SXSW Review Beijing Taxi

Director: Miao Wang World Premiere Documentary Competition 78 minutes

Complete Coverage of SXSW 2010

Synopsis BEIJING TAXI is a feature length documentary that vividly portrays Beijing undergoing a profound transformational arch. Through a humanistic lens, the intimate lives of three taxi drivers connect a morphing city confronted with modern issues and changing values. With diverse imagery combined with a contemporary score rich in atmosphere, we experience a visceral sense of the common citizens' persistent attempts to grasp the elusive. Candid and perceptive in its filming approach and highly cinematic in style, BEIJING TAXI takes us on a lyrical journey into fragments of a society riding the bumpy roads to modernization. Though the destination is unknown, they continue to forge ahead.
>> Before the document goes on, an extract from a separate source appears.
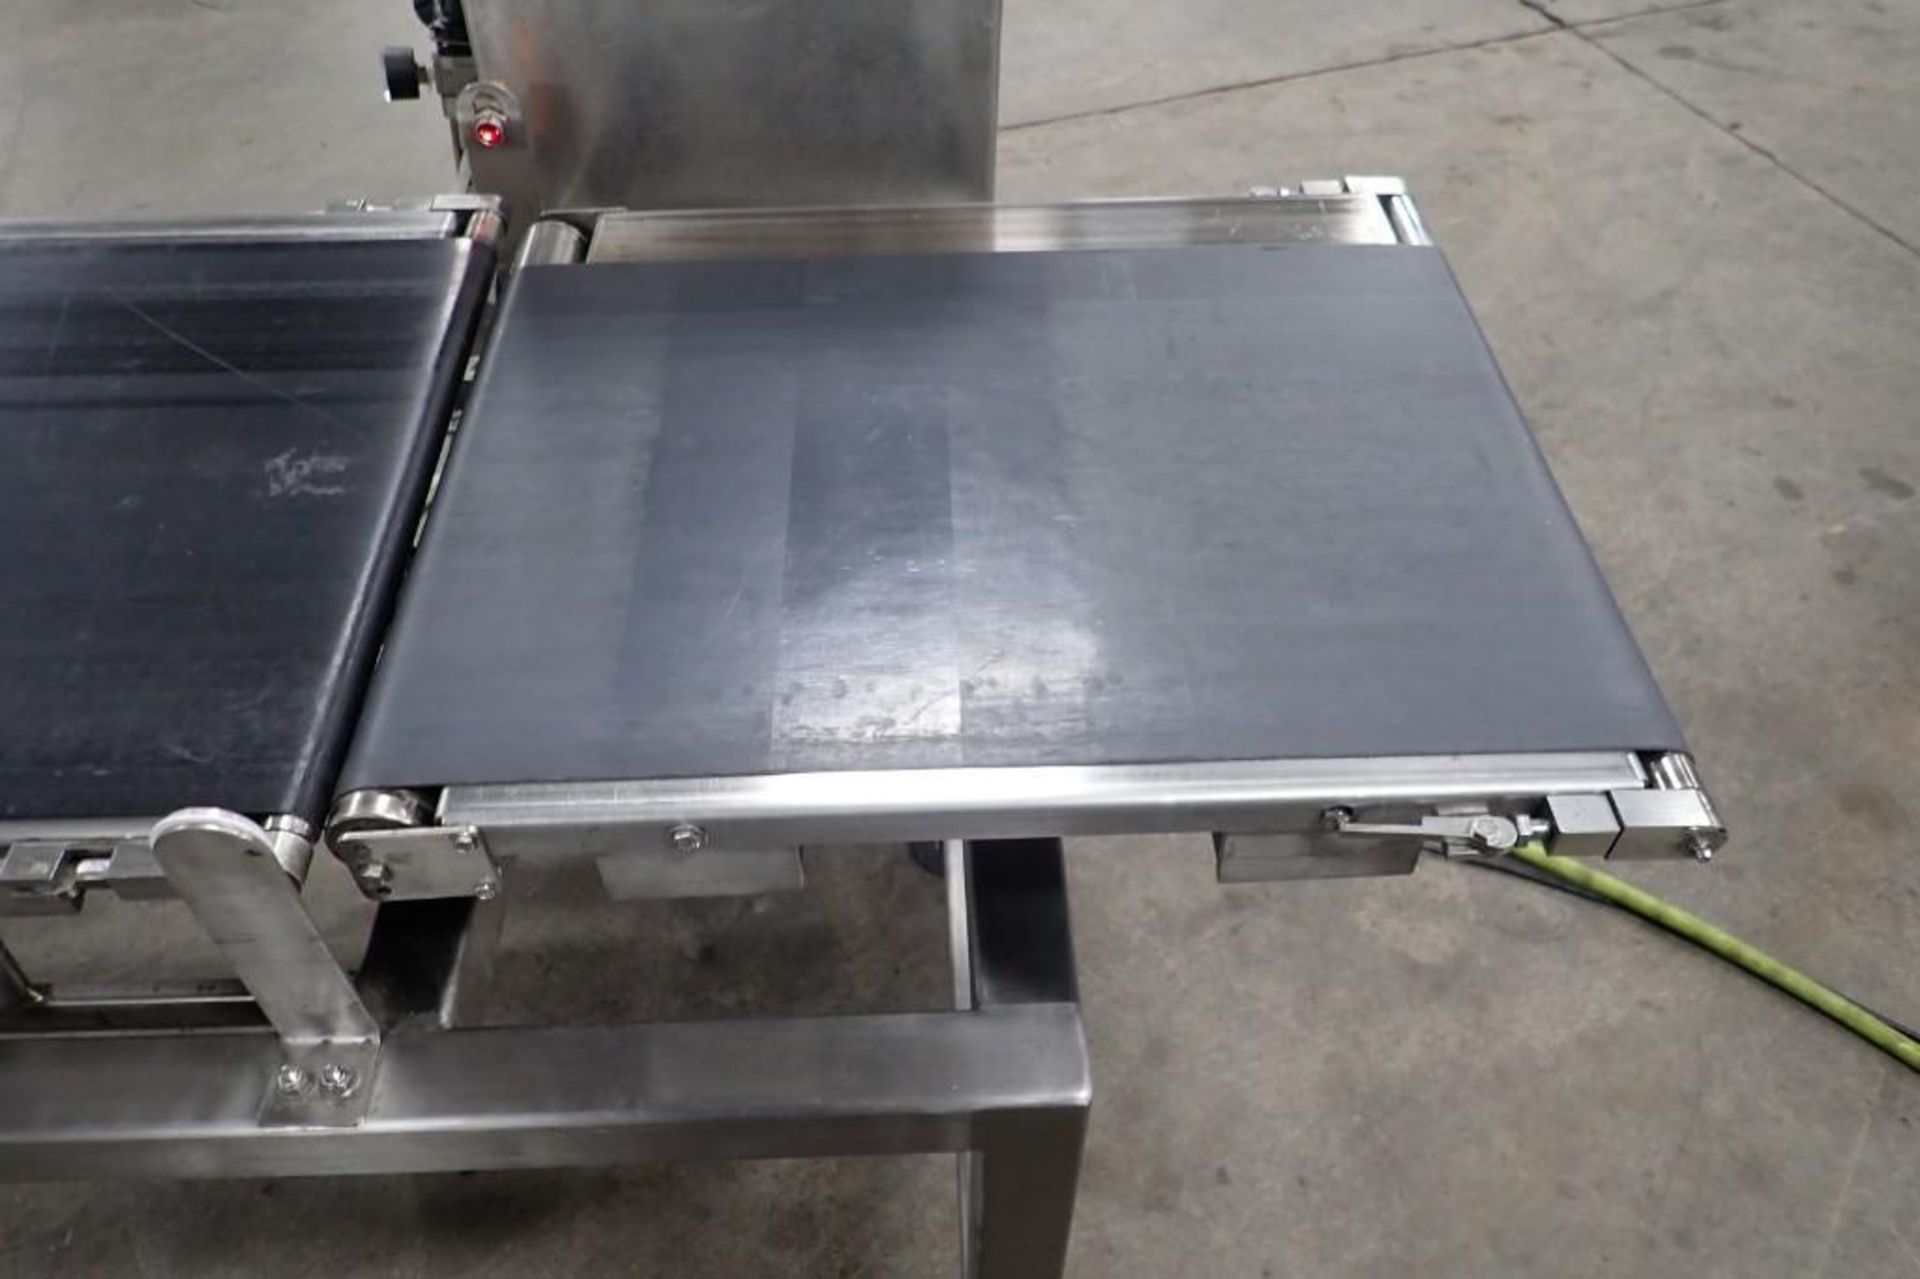 Thompson Scale Company Check Weigher - Image 10 of 37

Director Bio Beijing native Miao Wang has a B.A. in economics from the Univ of Chicago and a M.F.A. in design/film from Parsons. Her award-winning documentary YELLOW OX MOUNTAIN has screened at over 20 venues and broadcast on WNET Thirteen. She apprenticed at Maysles Films. Miao has grants from Sundance, NYSCA and Jerome Foundation. She is a fellow of Tribeca All Access, IFP Filmmakers Lab and the IFP Market.

WHO'S IT FOR? If you want to see what was happening two years before the Summer Olympics in Beijing, this documentary might interest you.

OVERALL

I knew nothing about it. It took place in 2006 and follows three taxi drivers. Not much happens. The documentary puts you on the streets of Beijing, and you hear cab driver’s thoughts about becoming a capitalist society. There isn’t nearly enough commentary about the society. At one point you spend 10 minutes watching one guy go to a fishing hole, but it's too crowded, so he goes to another place, and then catches a fish. So, after one hour and ten minutes, I left. Leaving festival films is much worse than walking out of a regular theater. Why? Because the directors, producers and actors are typically in the theater with you. It was a tough call, but I had another film I wanted to make sure and get to on time. That, and I needed caffeine. I think Beijing Taxi was partially to blame.